Dokumen masterplan ini merupakan dokumen
acuan nasional yang disusun dalam bentuk tahapan
sehingga diharapkan dapat dipahami secara
mudah. Dokumen utama dalam masterplan ini
tidak menjelaskan penjelasan teknis yang detail.
Penjelasan teknis lainnya yang mendukung dokumen
masterplan ini seperti prosedur operasional standar
atau standard operational procedure (SOP), pedoman
teknis, dan dokumen pendukung lainnya dimasukkan
ke dalam dalam dokumen ini sebagai lampiran.
1.2 Sasaran
Masterplan Nasional Pemberantasan rabies di
negara kita disusun dengan sasaran mencapai status
negara kita bebas rabies pada tahun 2030 melalui
Program Pemberantasan Rabies Bertahap Seluruh
negara kita (Prestasnegara kita ).
Penetapan sasaran ini didasarkan atas terpenuhinya
seluruh indikator pencapaian yang terverifikasi
dengan memperhatikan asumsi dan pra kondisi yang
menjadi landasan penilaian kemajuan perkembangan
program pemberantasan.
1.3 Tujuan
Masterplan rabies dapat menjadi referensi nasional
dalam pengembangan program pemberantasan
rabies di masing-masing daerah dan sebagai materi
advokasi kepada pemerintah daerah masing-
masing dalam upaya pengembangan program
pemberantasan. Sehingga secara umum tujuan
disusunnya masterplan ini yaitu :
1. Mempertahankan daerah bebas rabies di
negara kita
2. Menurunkan kasus pada anjing dan korban
pada manusia di daerah endemik
3. Memberantas rabies secara bertahap
1.4 Asumsi dan Pra
Kondisi
Keberhasilan pemberantasan rabies bergantung
pada tata pemerintahan veteriner yang baik (good
veterinary governance), kerjasama lintas sektoral,
kesiapan sumberdaya manusia, fasilitas sarana,
material dan infrastruktur dari pusat sampai daerah.

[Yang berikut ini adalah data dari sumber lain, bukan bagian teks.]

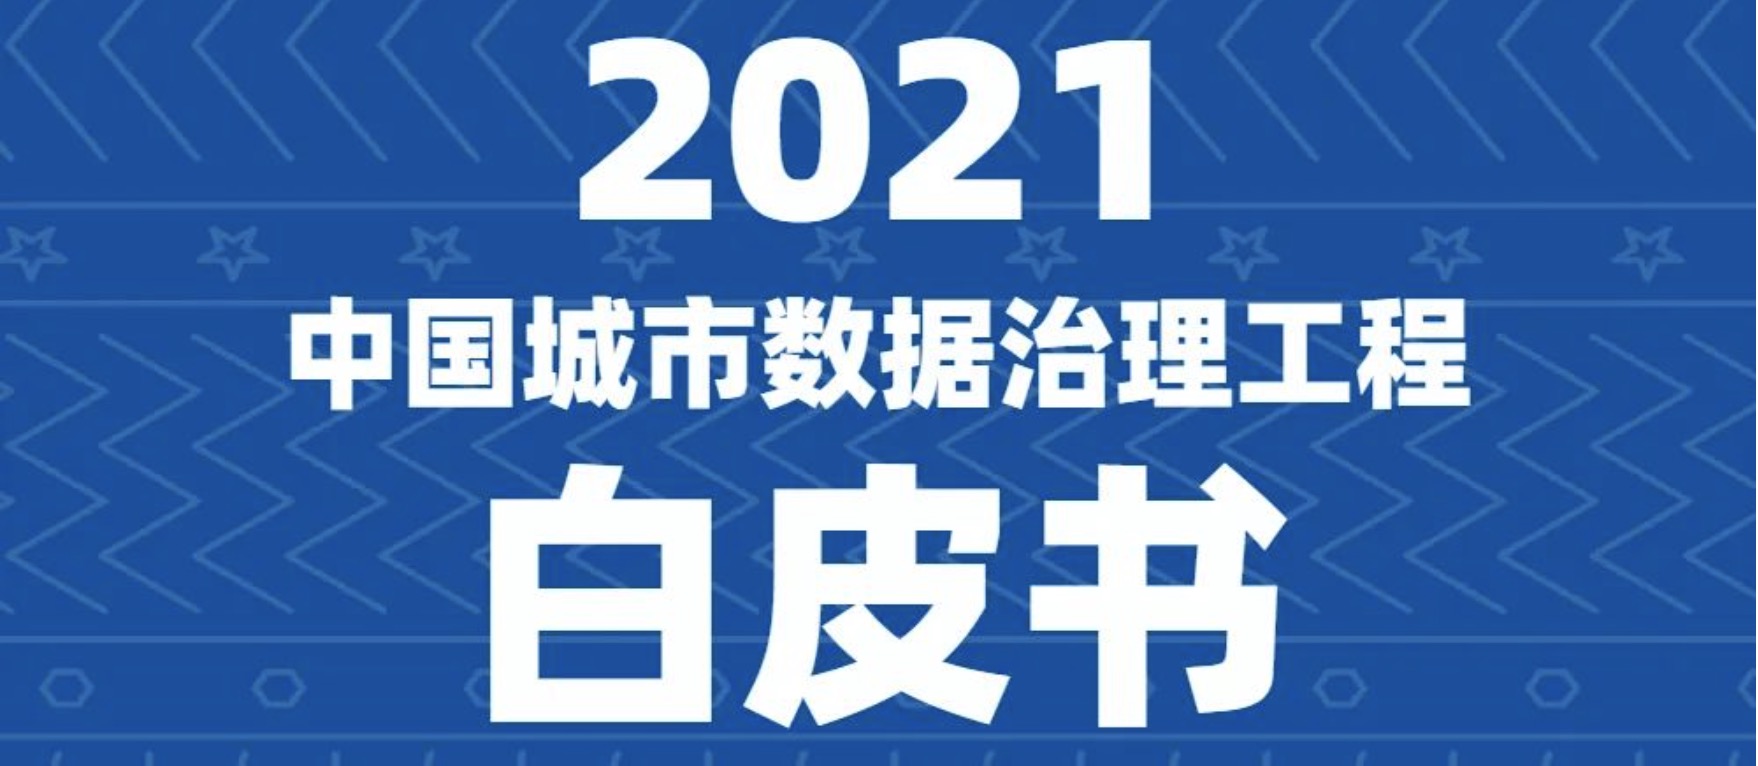 一图看懂《2021中国城市数据治理工程白皮书》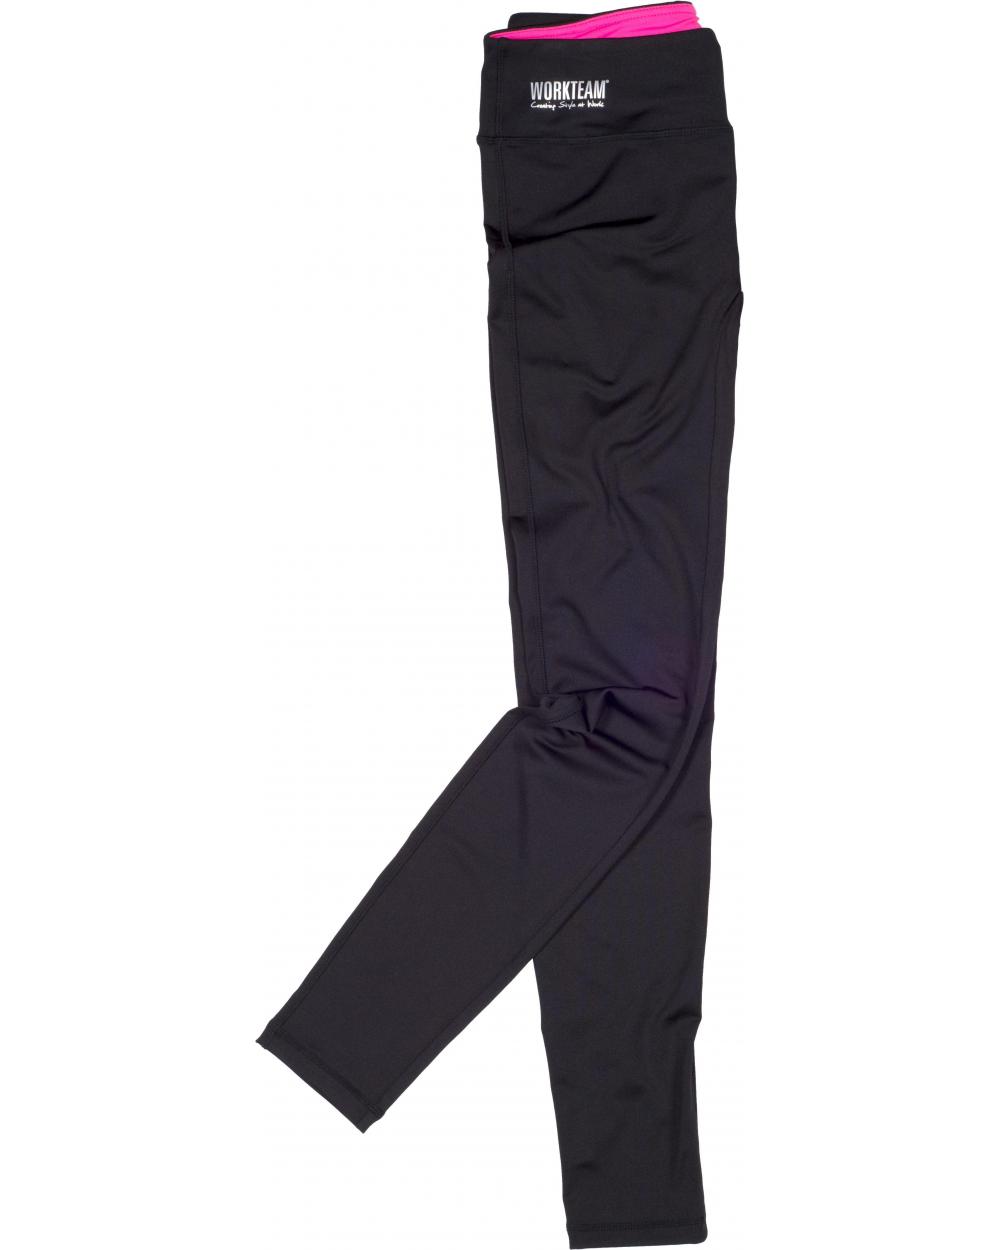 Comprar Leggin ajustados elasticos S7501 Negro+Rosa Fluor workteam delante

Asumsi dan pra kondisi keberhasilan pemberantasan
rabies:
1. Komitmen dan pendanaan dari pemerintah
pusat dan pemerintah daerah jangka panjang
2. Pelaksanaan tatalaksana kasus gigitan
terpadu (Takgit)
3. Vaksinasi pada anjing memakai vaksin
yang berkualitas dengan cakupan minimal
70% di semua daerah tertular, terutama
dengan risiko tinggi
4. Sumber daya, logistik, dan infrastruktur yang
memadai, terutama kebutuhan vaksin, baik
untuk hewan maupun untuk manusia
5. Program pemberantasan rabies harus
menjangkau daerah terpencil, terutama
daerah dengan risiko tinggi dan daerah
terancam
6. Komunikasi, Informasi, Edukasi (KIE)
dilakukan secara progresif dan terus-
menerus
7. Keterlibatan warga , pihak swasta, dan
pemangku kepentingan lainnya di dalam
program
8. Pembuktian konsep: dimulai dengan
implementasi di daerah percontohan dan
diperluas di wilayah lain
9. Pelaksana program memiliki kapasitas yang
kompeten dan bermotivasi tinggi
10. Pelaksanaan penilaian performa di semua
tingkat pemerintahan
Cara memakai
Dokumen Ini
Dokumen ini terdiri dari 5 Bab. Setiap Bab
yaitu bagian yang saling berkaitan. Setiap Bab
disarankan untuk dibaca menyeluruh sehingga
tidak dipahami secara parsial. Dokumen ini
merepresentasikan rencana utama Kementerian
Pertanian dalam upaya melakukan pemberantasan
rabies. Masterplan ini sebaiknya dijadikan acuan
induk oleh daerah di seluruh negara kita khususnya
dalam pembuatan program di masing-masing
daerah dengan karakteristiknya masing-masing.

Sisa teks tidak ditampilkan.